You can create your own queue using dispatch_queue_create

Objective-C

dispatch_queue_t queue = dispatch_queue_create("com.example.myqueue",  DISPATCH_QUEUE_SERIAL);

Swift

// Before Swift 3
let queue = dispatch_queue_create("com.example.myqueue", DISPATCH_QUEUE_SERIAL)
// Swift 3
let queue = DispatchQueue(label: "com.example.myqueue") //default is serial queue, unless .concurrent is specified as an attribute otherwise

# Getting the Main Queue

The main queue is the dispatch queue in which all the UI updates take place and the code involving UI changes are placed.

You need to get to the main queue in order to update UI on completion of an asynchronous process like NSURLSession

There are two types of main queue calls synchronous and asynchronous. When you invoke something synchronously, it means that the thread that initiated that operation will wait for the task to finish before continuing.

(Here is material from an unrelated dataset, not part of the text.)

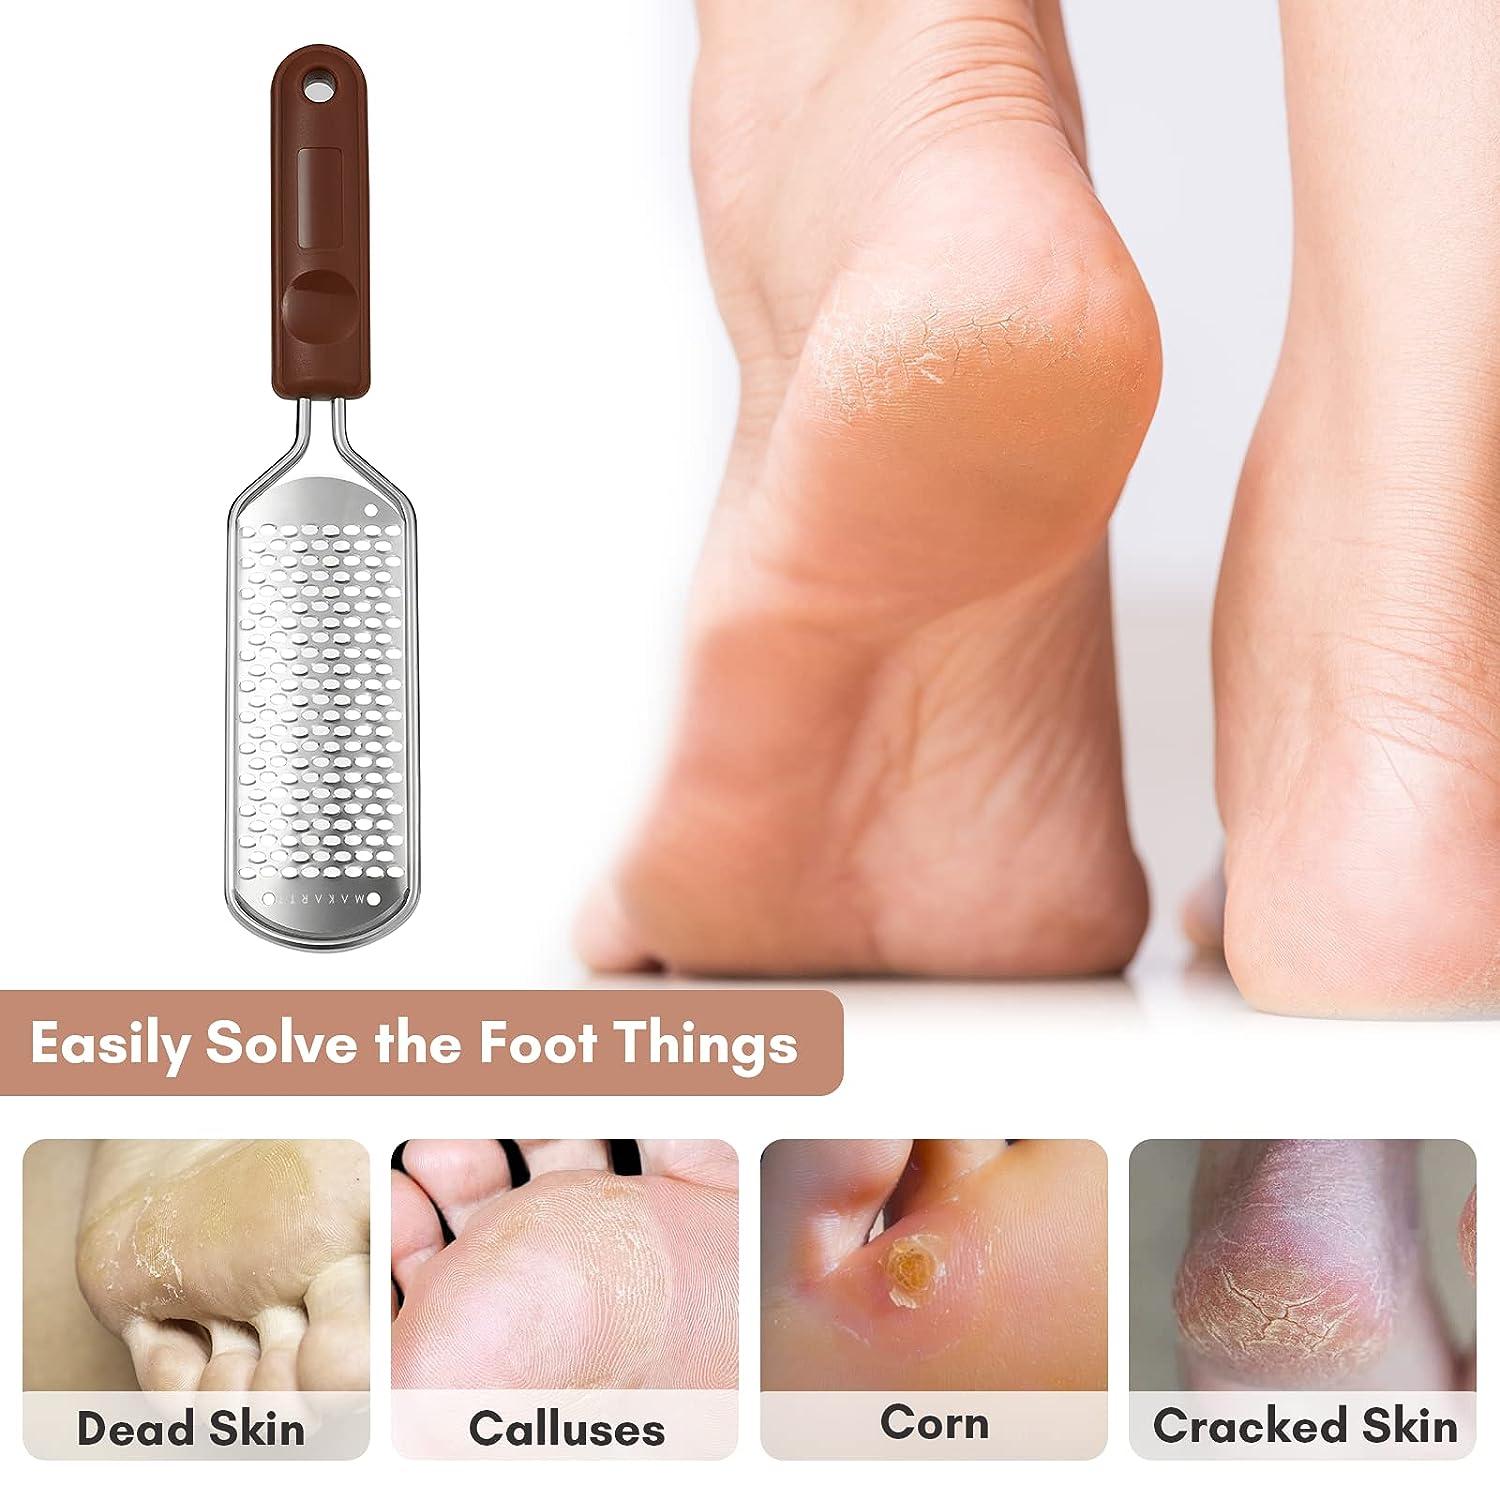 Foot File for Dead Skin, Callus Remover for Feet, Metal Foot Scrubber for  Cracked Heels, Professional

Asynchronous means that it will not wait.

Code Objective-C

Synchronous Main Queue call

dispatch_queue_t queue = dispatch_get_global_queue(DISPATCH_QUEUE_PRIORITY_DEFAULT, 0);

Asynchronous Main Queue call

dispatch_async(dispatch_get_main_queue(), ^{
   // do work here to Usually to update the User Interface
});

SWIFT 3

Asynchronous Main Queue call

DispatchQueue.main.async {

}

Synchronous Main Queue call

DispatchQueue.main.sync {

}

# Serial vs Concurrent Dispatch Queues

Swift 3

Serial Queue

func serialQueues () {
    let serialQueue = DispatchQueue(label: "com.example.serial") //default queue type is a serial queue
    let start = Date ()
    for i in 0...3 {                                             //launch a bunch of tasks
        serialQueue.async {                                      //run tasks on a background thread, using our serial queue
            sleep(2)                                             //do some long task eg webservice or database lookup
            let timeTaken = Date().timeIntervalSince(start)
            print("serial long task \(i) done! total time taken: \(timeTaken)")
        }
    }
}

Example output:

serial long task 0 done! total time taken: 2.07241100072861
serial long task 1 done! total time taken: 4.16347700357437
serial long task 2 done! total time taken: 6.23209798336029
serial long task 3 done! total time taken: 8.30682599544525

Concurrent Queue

func concurrentQueues () {
    let concurrentQueue = DispatchQueue(label: "com.example.concurrent", attributes: .concurrent) //explicitly specify the queue to be a concurrent queue
    let start = Date ()
    for i in 0...3 {            //launch a bunch of tasks
        concurrentQueue.async { //run tasks on a background thread, using our concurrent queue
            sleep(2)            //do some long task eg webservice or database lookup
            let timeTaken = Date().timeIntervalSince(start)
            print("concurrent long task \(i) done! total time taken: \(timeTaken)")
        }
    }
}

Example output:

concurrent long task 3 done! total time taken: 2.07092100381851
concurrent long task 0 done! total time taken: 2.07087397575378
concurrent long task 2 done! total time taken: 2.07086700201035
concurrent long task 1 done! total time taken: 2.07089096307755

Discussion

As we can see from the examples above, a serial queue will complete each task in the order they are submitted to the queue. Each task will wait for the previous task to finish before executing. As for the concurrent queue, each task does not wait on the others in the queue and executes as soon as possible; the advantage is that all tasks on the queue will run at the same time on separate threads, making a concurrent queue take less time than a serial queue.

If order of execution of tasks is not important, always use a concurrent queue for the best efficiency.